1967 Ford Mustang GT-500 Fastback
1967 Ford Mustang GT-500 Fastback

1967 Ford Mustang Shelby GT 500 Fastback. Ford’s partnership with Carroll Shelby is the stuff of legend and is now a major motion picture, coming soon to a multiplex near you. But it focuses on a very different aspect of Shelby’s role within Ford: racing. Specifically against Ferrari and the rest of the field at Le Mans, in cars that Ford was developing for the first time.

The other side of Shelby’s relationship with Ford would be called “tuning” today, and the GT500 played an early, and very important role in Shelby’s history as a builder of performance machines.

But the GT500 was not the first Mustang modified by Shelby’s operation: that honor goes to the 1965 GT350 and the GT350R. The “basic” GT350 dialed up the Mustang’s output by 35 hp, up to 306 hp, courtesy of a 289 CID K-Code engine, while also offering modified steering, a functional hood scoop and 15-inch wheels wearing low-angle Goodyear tires. A beefier rear axle from the Ford Galaxie was standard, as were Koni adjustable shock absorbers and Kelsey-Hayes front disc brakes. The early cars were also a little hard to drive, with a clutch that could be described as heavy. The GT350R dialed up the output even further, up to 360 hp, but only 34 examples of this model were made.

For the 1966 model year the Shelby Mustang lineup gained a new model: the GT350H “Rent-A-Racers” finished in black with gold stripes.

“Ford supplied the new Mustangs with V8 engines and mostly automatic transmissions, Shelby added extra performance and style and Hertz gave the public access to a unique driving experience through what was known then as its new ‘Rent-A-Racer’ program,” Ford said.

1,001 examples of the GT350H were produced for Hertz, and of course were later acquired by enthusiasts. The ones that weren’t wrecked by car renters, anyway.

The GT500 that debuted for 1967 was a different beast from those earlier models.

For one thing, it was powered by a 428 CID engine with two 600-CFM Holley carburetors, rated at 355 hp and 420 lb-ft of torque, paired with a choice of a four-speed manual or a three-speed automatic. The engine itself also featured a cast aluminum intake manifold. Actually, there were two engine options for the GT500 for 1967 — the other was Ford’s 427 CID V8 that was quite a bit more expensive than the Shelby-modified 428 CID unit.

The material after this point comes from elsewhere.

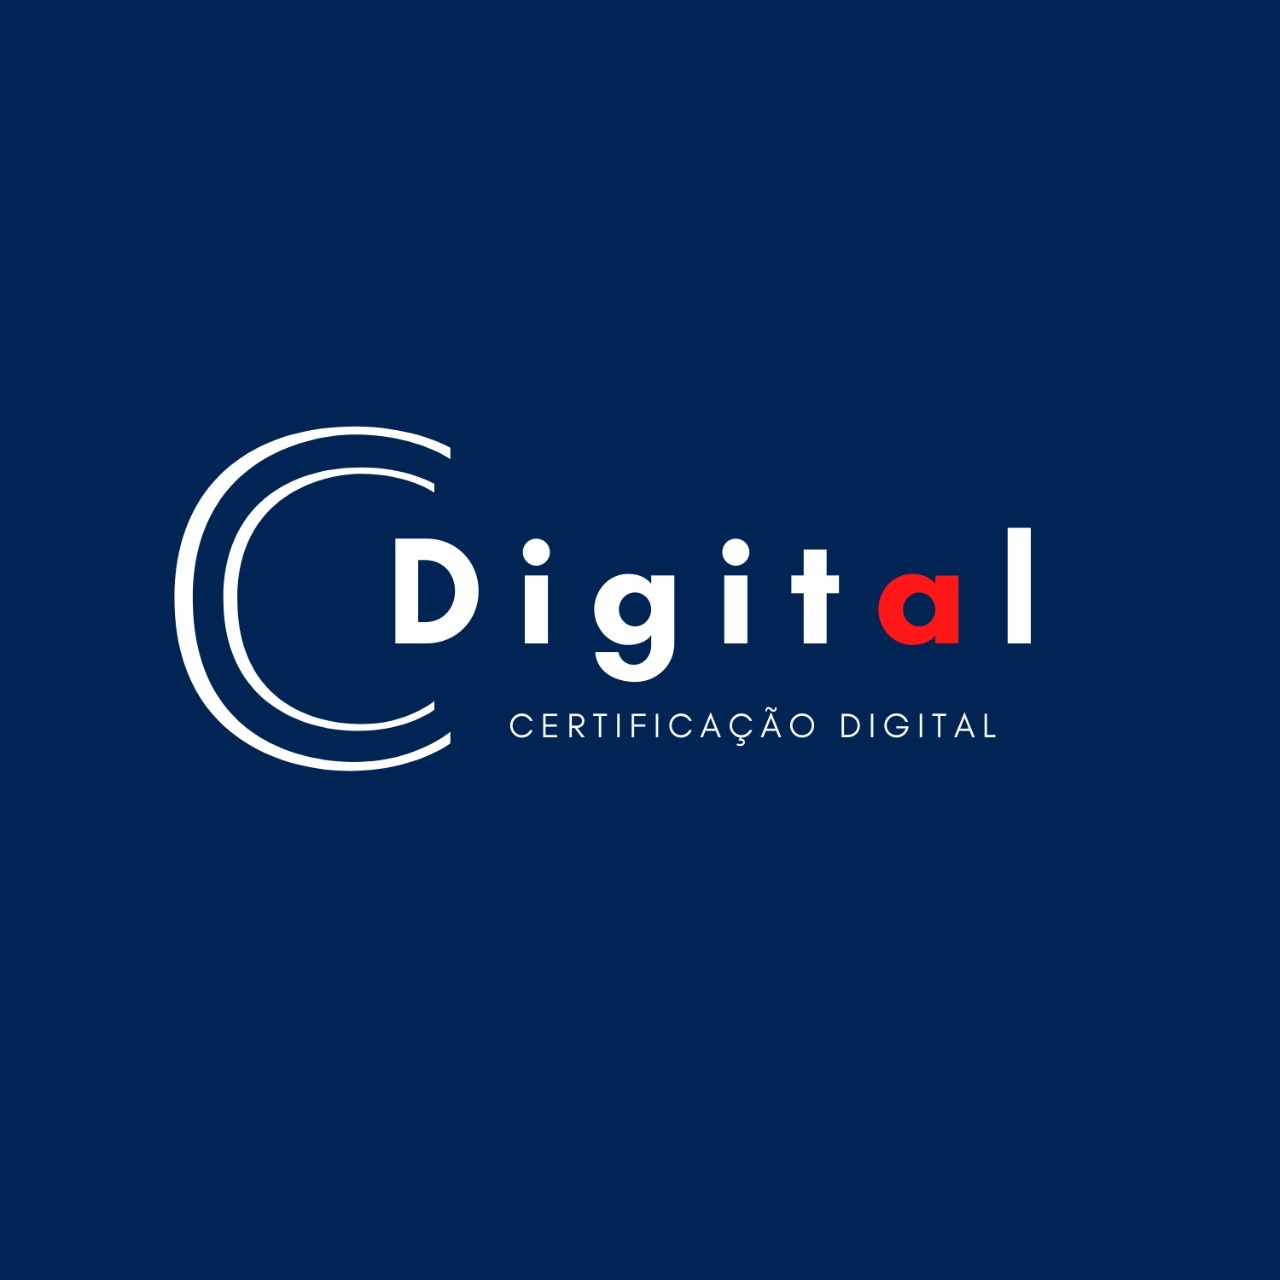 Logotipo do parceiro AR Cdigital &#8211; Corium Solução Empresarial &#8211; 15%
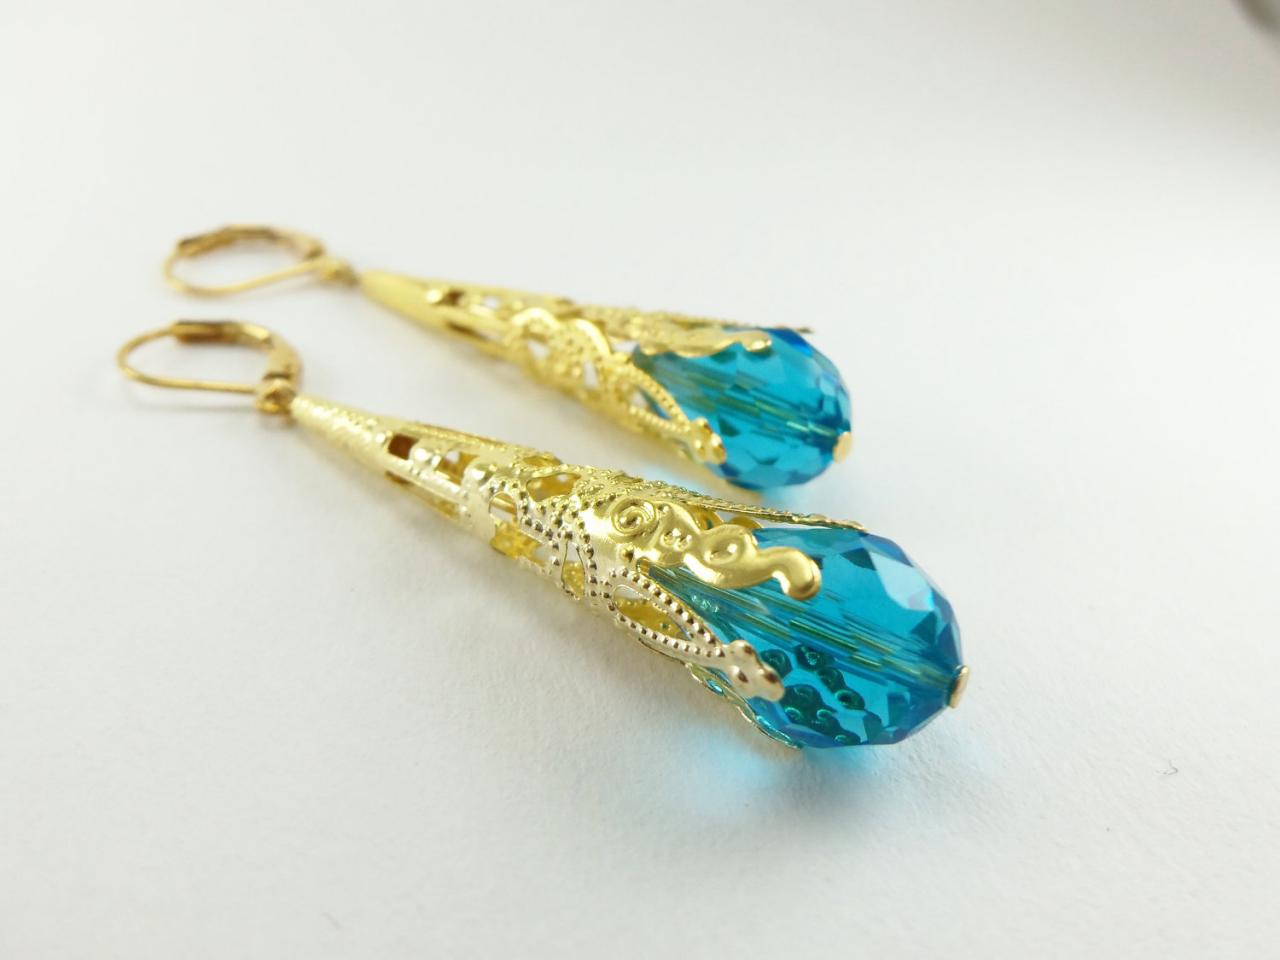 Aqua Earrings Leverback Gold Dangle Earrings Victorian Jewelry Filigree Earrings Long Dangle

In the cockpit the GT500 also received an upgraded 140-mph speedometer, an 8,000-rpm tach and a couple of other additional gauges. But the biggest and the most noticeable change, and also one of the most practical, safety-wise, was the roll bar. Badging was relatively light on the inside: Cobras appeared on the passenger-side dash as well as the three-spoke steering wheel trimmed in wood. There were plenty of other opportunities to advertise the car’s performance on the outside, with Cobra badging along with a rocker stripe. Buyers had three options when it came to wheels, and all were 15 inches in diameter — this was in the age of smaller wheels.

A bigger engine wasn’t the only mechanical change: Shelby fitted stiffer front springs to Ford’s stock suspension, an upgraded anti-roll bar and Gabriel shock absorbers. The GT500 also featured front disc brakes as standard equipment, which would come in useful for a lot of owners.

One would think that 355 hp and 420 lb-ft of torque would be enough to satisfy all customers seeking a faster Mustang, but halfway through 1968 Shelby offered the GT500KR, which stood for “King of the Road.”

Powered by the new 428 CID Cobra Jet V8 engine with a single 735-CFM Holley four-barrel carburetor with a ram air system, this engine received an upgraded camshaft, reworked cylinder heads and connecting rods and an upgraded crankshaft. The output, at least officially, was still 355, but in reality it was well over the 400-hp mark.

The reign of the original GT500 cars was not long: Shelby’s relationship with Ford began to fray by 1969, as Shelby sought to move on to personal projects. 1969 was really the final year for the first-generation versions of the Shelby GT500, even though several hundred unsold examples from that year were later reworked by Ford into 1970 model year cars. And for a long time, Shelby and Ford closed the book on the GT500 nameplate.